Test including files under the `src` directory with various patterns.
Given a directory containing `src` with subfiles:
When `include_patterns` is set to `src/*`, `src/**`, or `src*`,
Then `_scan_directory` should include the correct files under `src`.
Note: Windows is not supported; paths are converted to Unix-style for validation.
"""
sample_query.local_path = temp_directory
sample_query.include_patterns = {include_pattern}
result = _scan_directory(temp_directory, query=sample_query)
assert result is not None, "Expected a valid directory node structure"
files = _extract_files_content(query=sample_query, node=result)
# Convert Windows paths to Unix-style
file_paths = {f["path"].replace("\\", "/") for f in files}
expected_paths = {
"src/subfile1.txt",
"src/subfile2.py",
"src/subdir/file_subdir.txt",
"src/subdir/file_subdir.py",
}
assert file_paths == expected_paths, "Missing or unexpected files in result"
def test_run_ingest_query(temp_directory: Path, sample_query: ParsedQuery) -> None:
"""
Test `run_ingest_query` to ensure it processes the directory and returns expected results.

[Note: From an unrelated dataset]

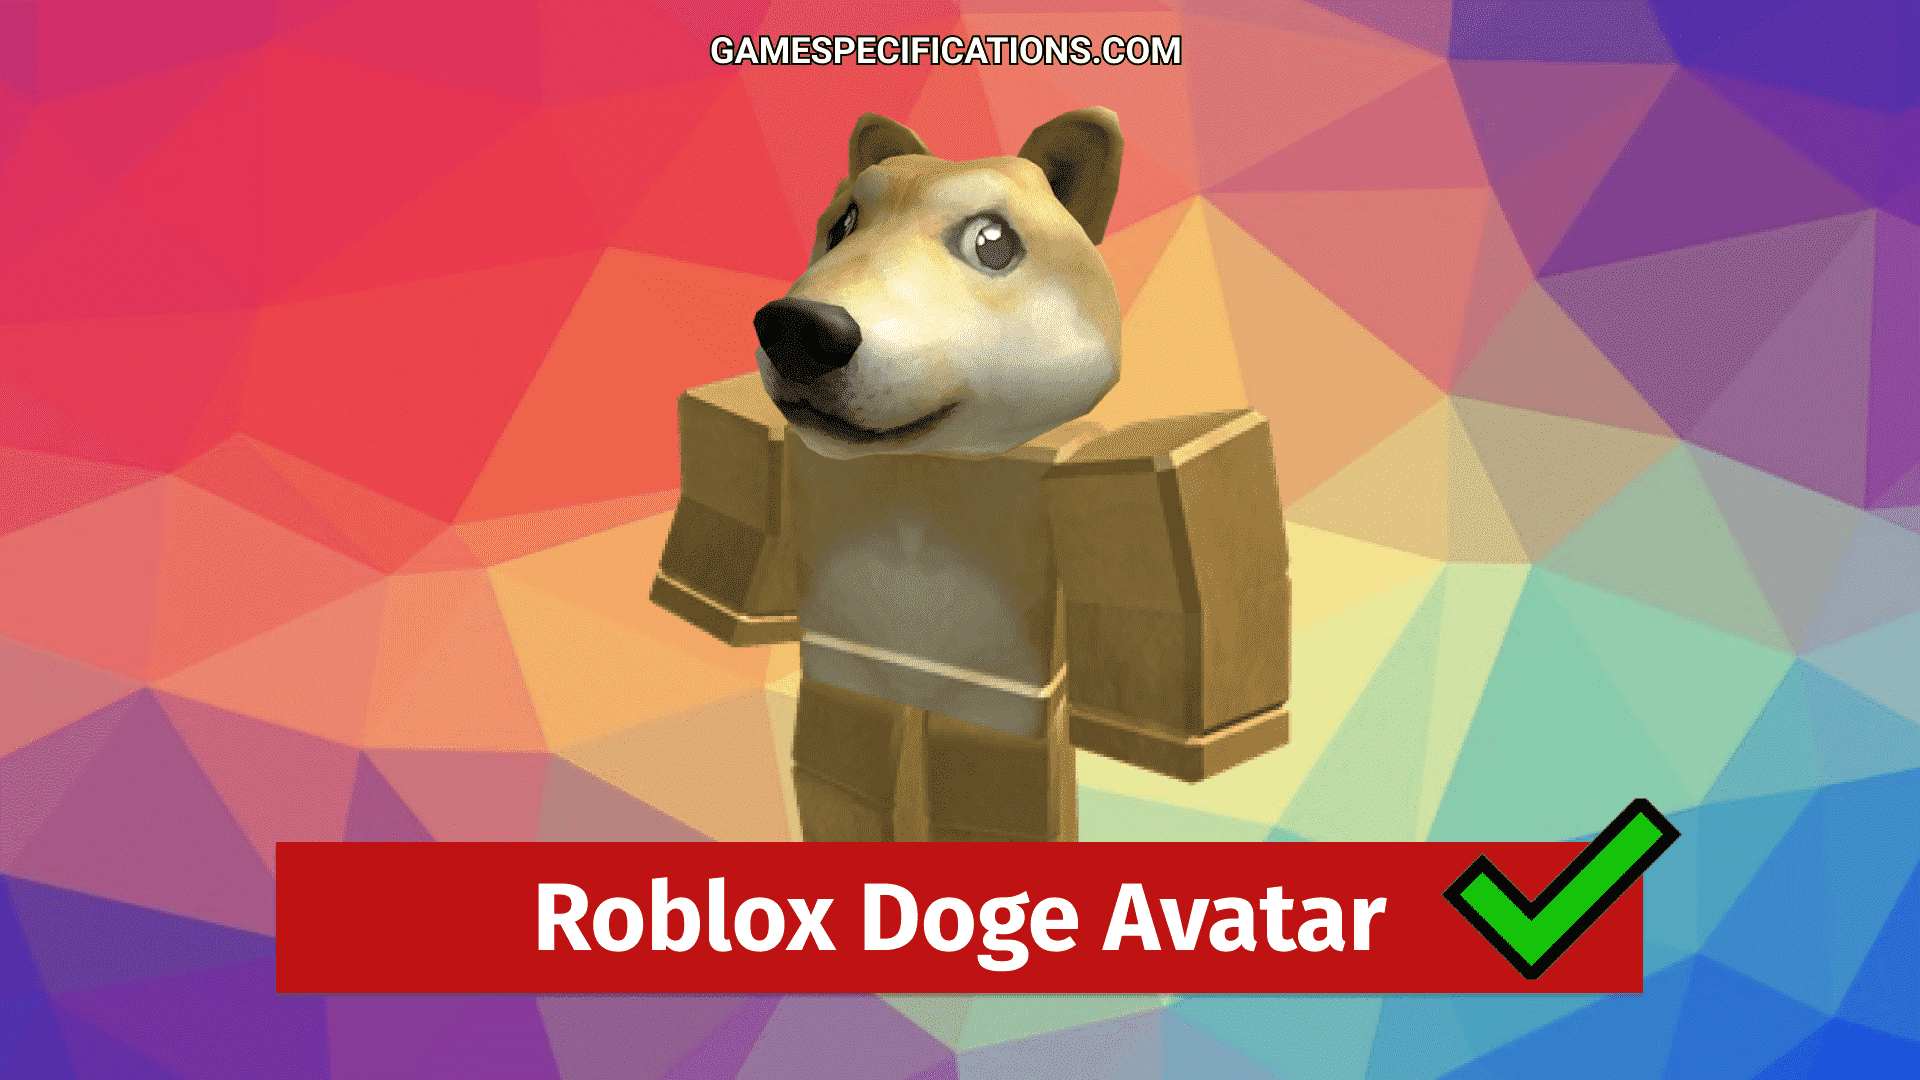 Awesome Roblox Doge Avatar Guide Game Specifications - roblox zombie doge pants

Given a directory with .txt and .py files:
When `run_ingest_query` is invoked,
Then it should produce a summary string listing the files analyzed and a combined content string.
"""
sample_query.local_path = temp_directory
sample_query.subpath = "/"
sample_query.type = None
summary, _, content = run_ingest_query(sample_query)
assert "Repository: test_user/test_repo" in summary
assert "Files analyzed: 8" in summary
# Check presence of key files in the content
assert "src/subfile1.txt" in content
assert "src/subfile2.py" in content
assert "src/subdir/file_subdir.txt" in content
assert "src/subdir/file_subdir.py" in content
assert "file1.txt" in content
assert "file2.py" in content
assert "dir1/file_dir1.txt" in content
assert "dir2/file_dir2.txt" in content
# TODO: Additional tests:
# - Multiple include patterns, e.g. ["*.txt", "*.py"] or ["/src/*", "*.txt"].
# - Edge cases with weird file names or deep subdirectory structures.